» Assigned task
Leave out every picture and set down, exactly, the lines below from the one holding "Batman Superhero Special" up to and including the one holding "Чехол на стульчик".

START Given records

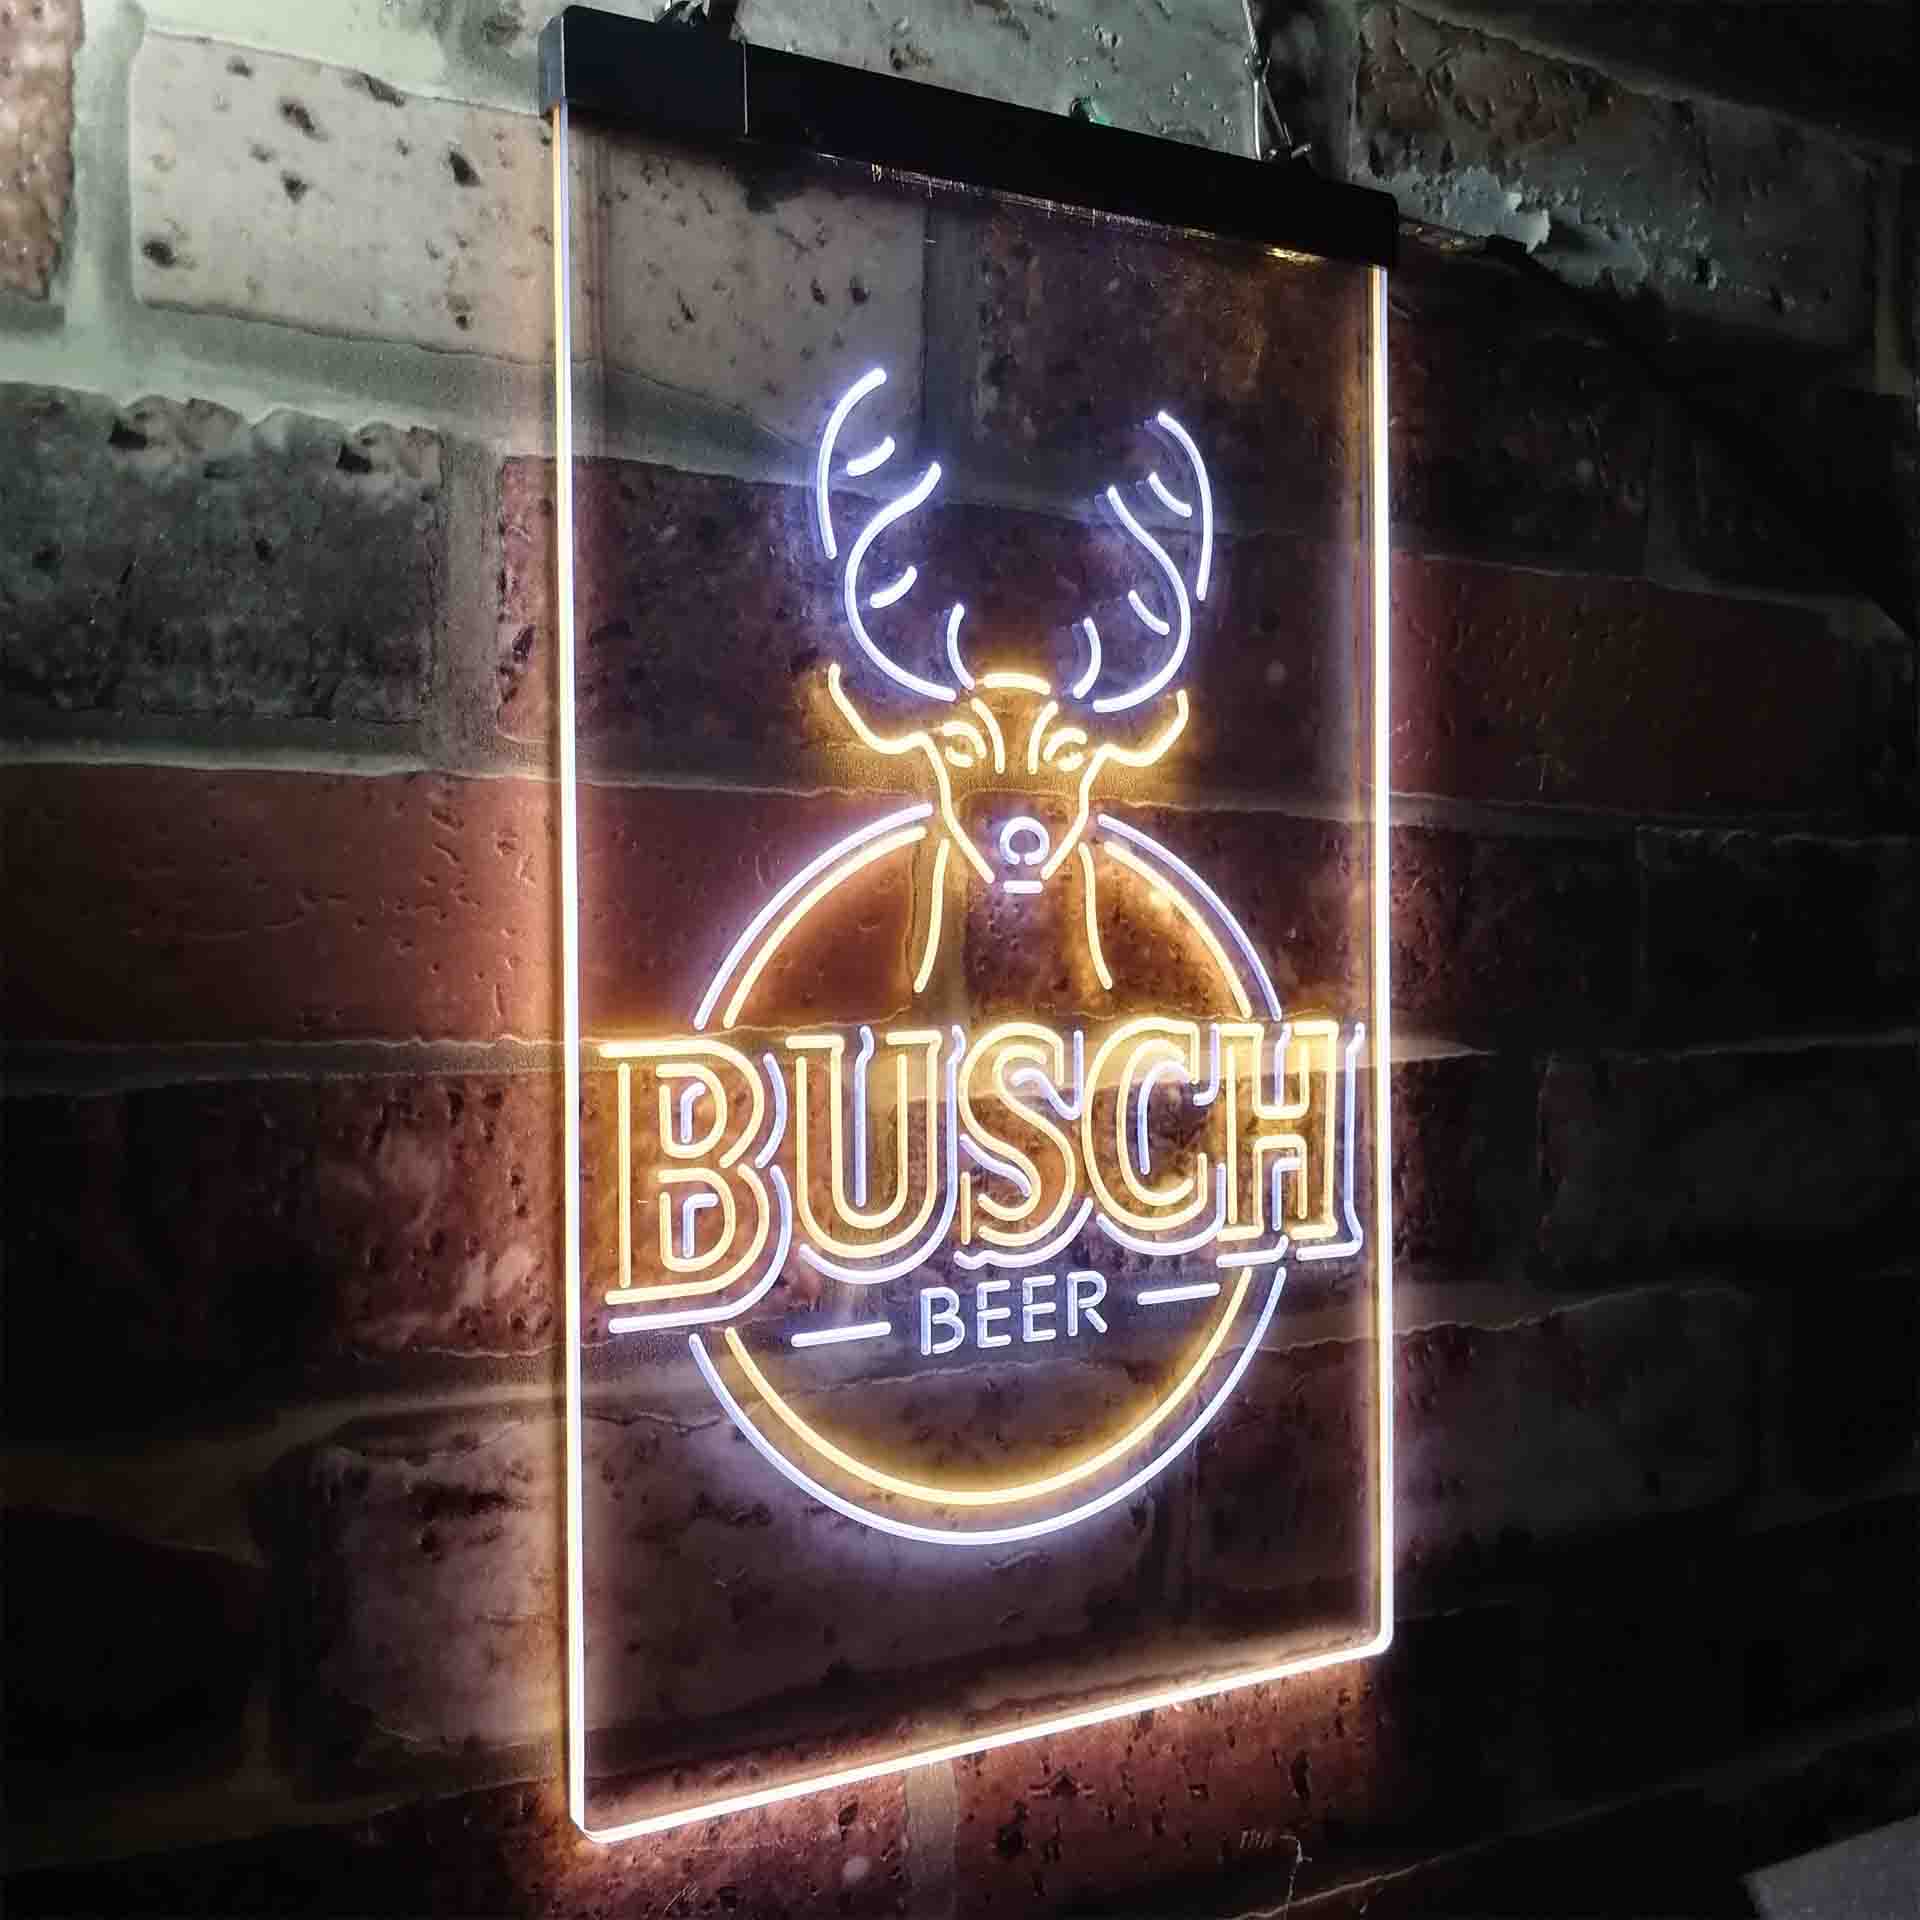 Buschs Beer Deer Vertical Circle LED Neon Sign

END Given records
START Given records

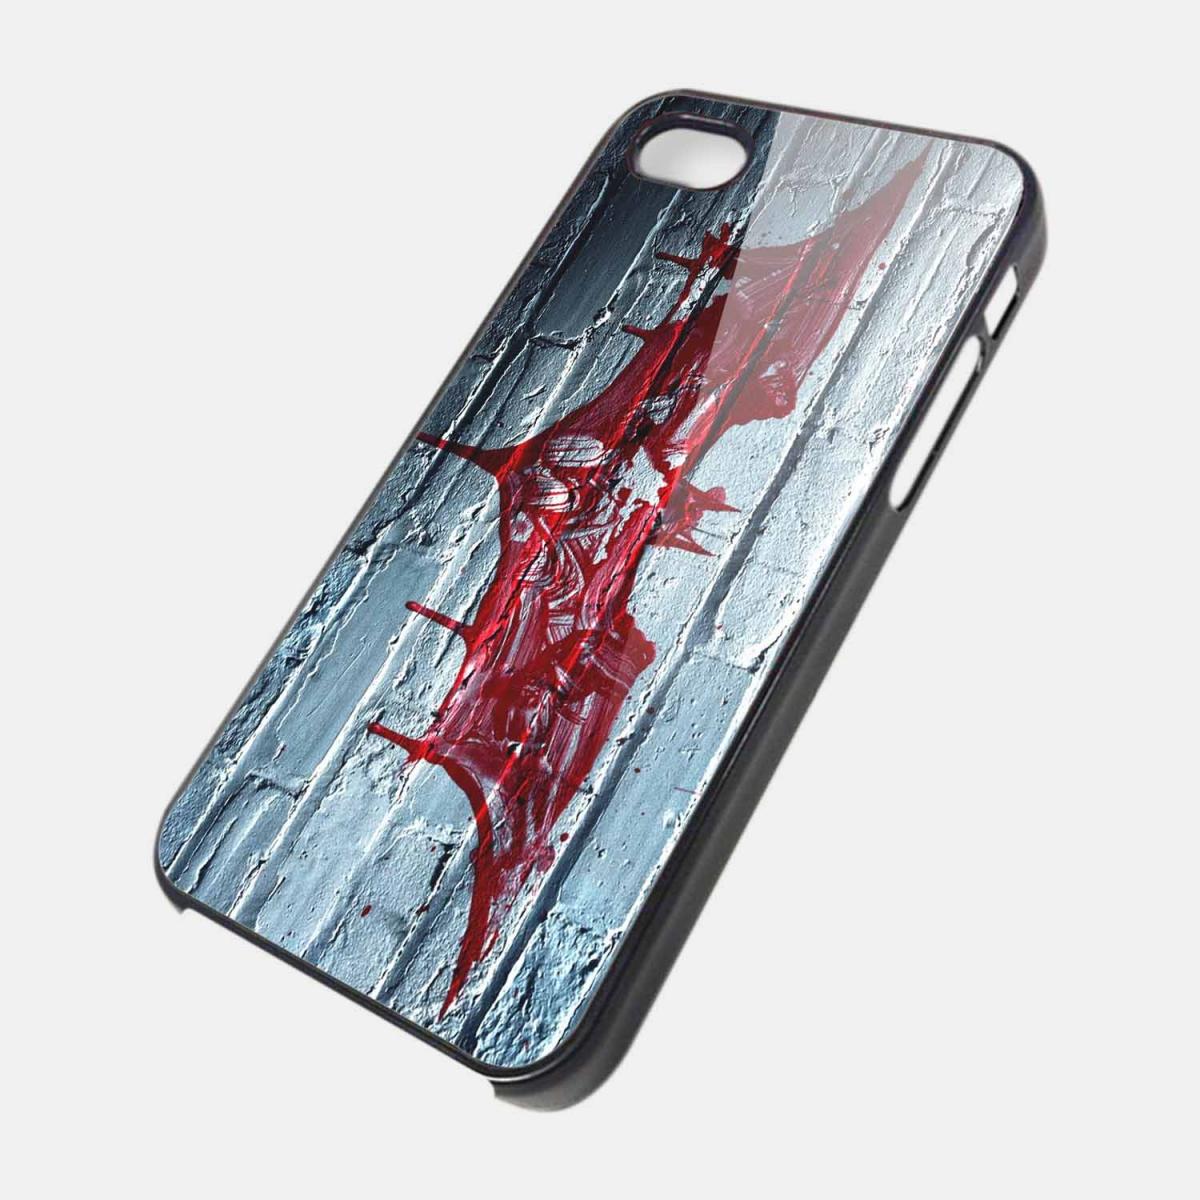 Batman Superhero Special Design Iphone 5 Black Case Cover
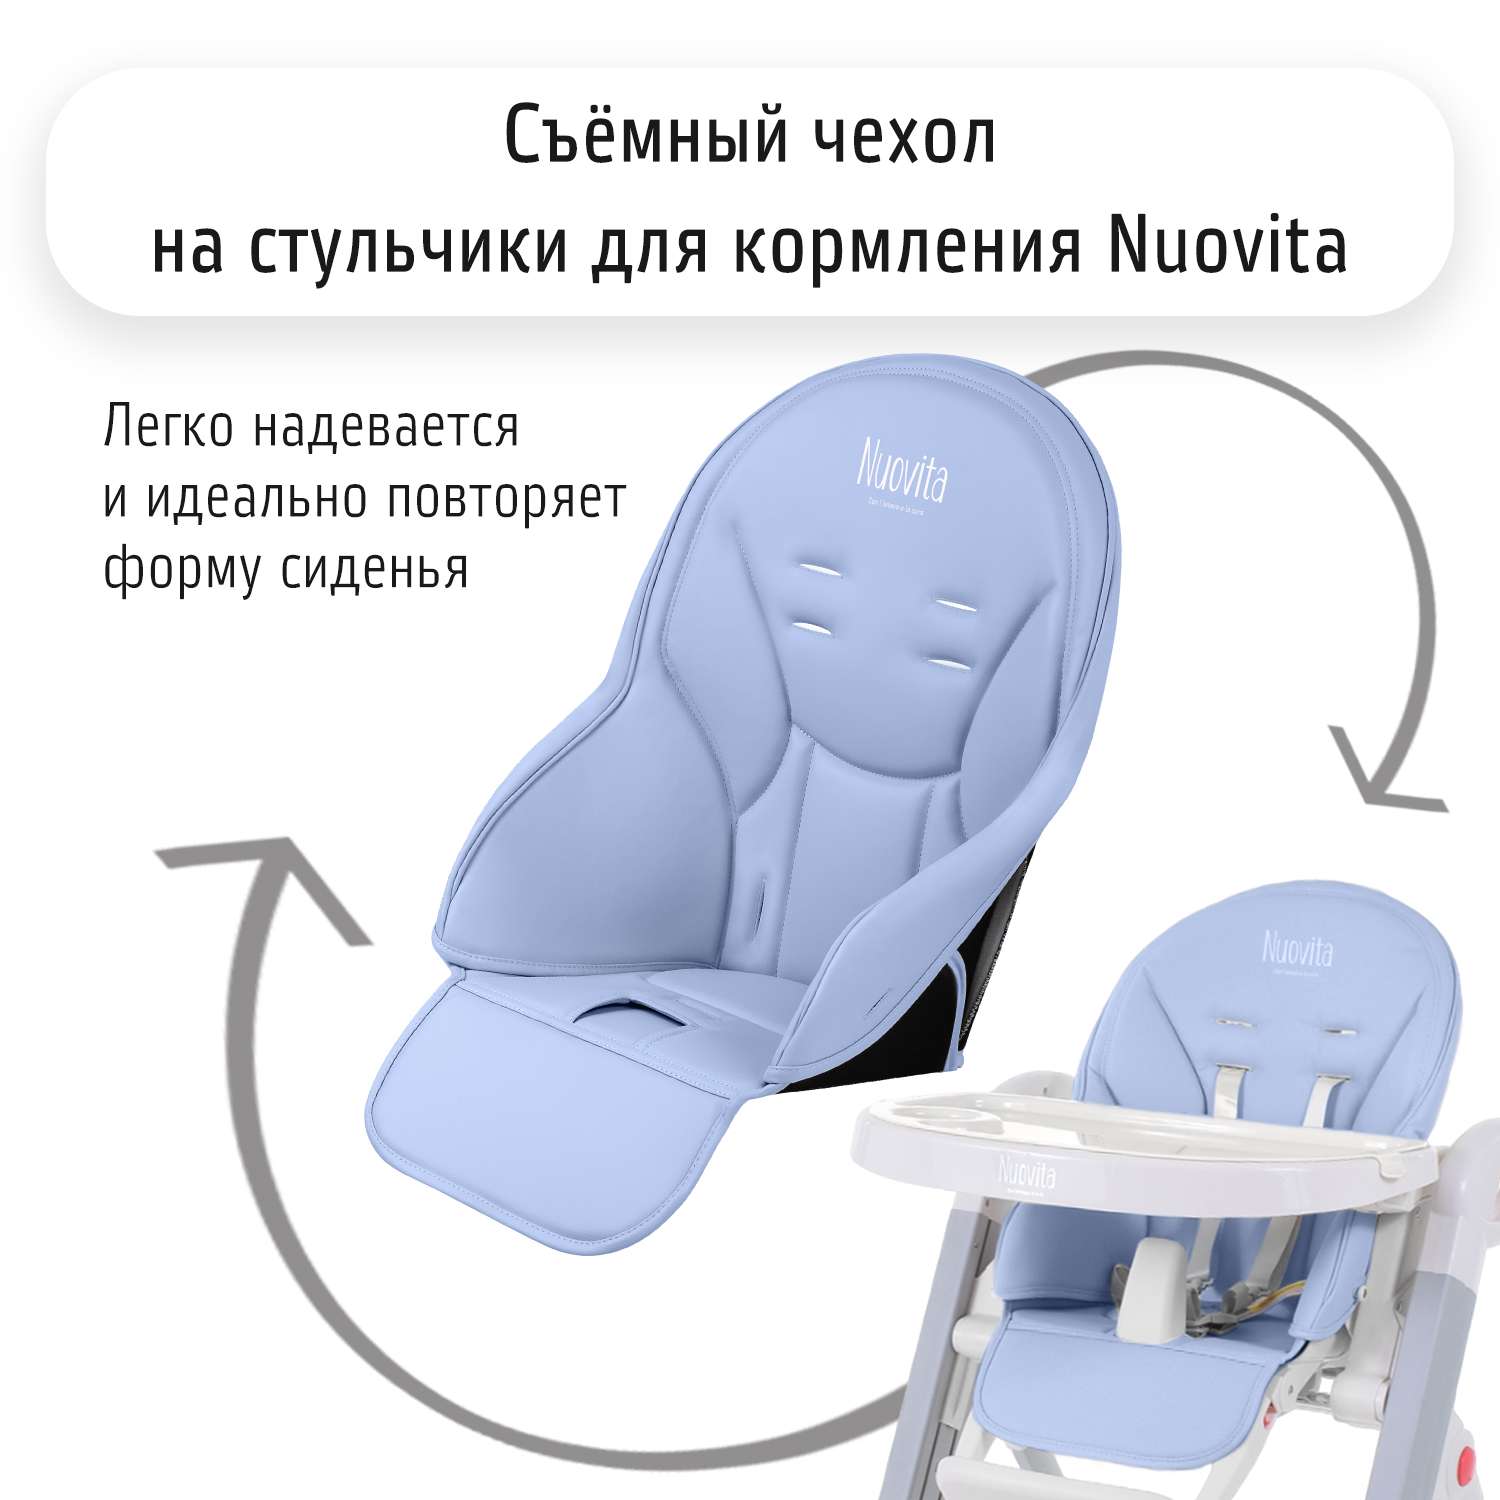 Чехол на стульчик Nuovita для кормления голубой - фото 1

END Given records

» Answer box
 Batman Superhero Special Design Iphone 5 Black Case Cover
 Чехол на стульчик Nuovita для кормления голубой - фото 1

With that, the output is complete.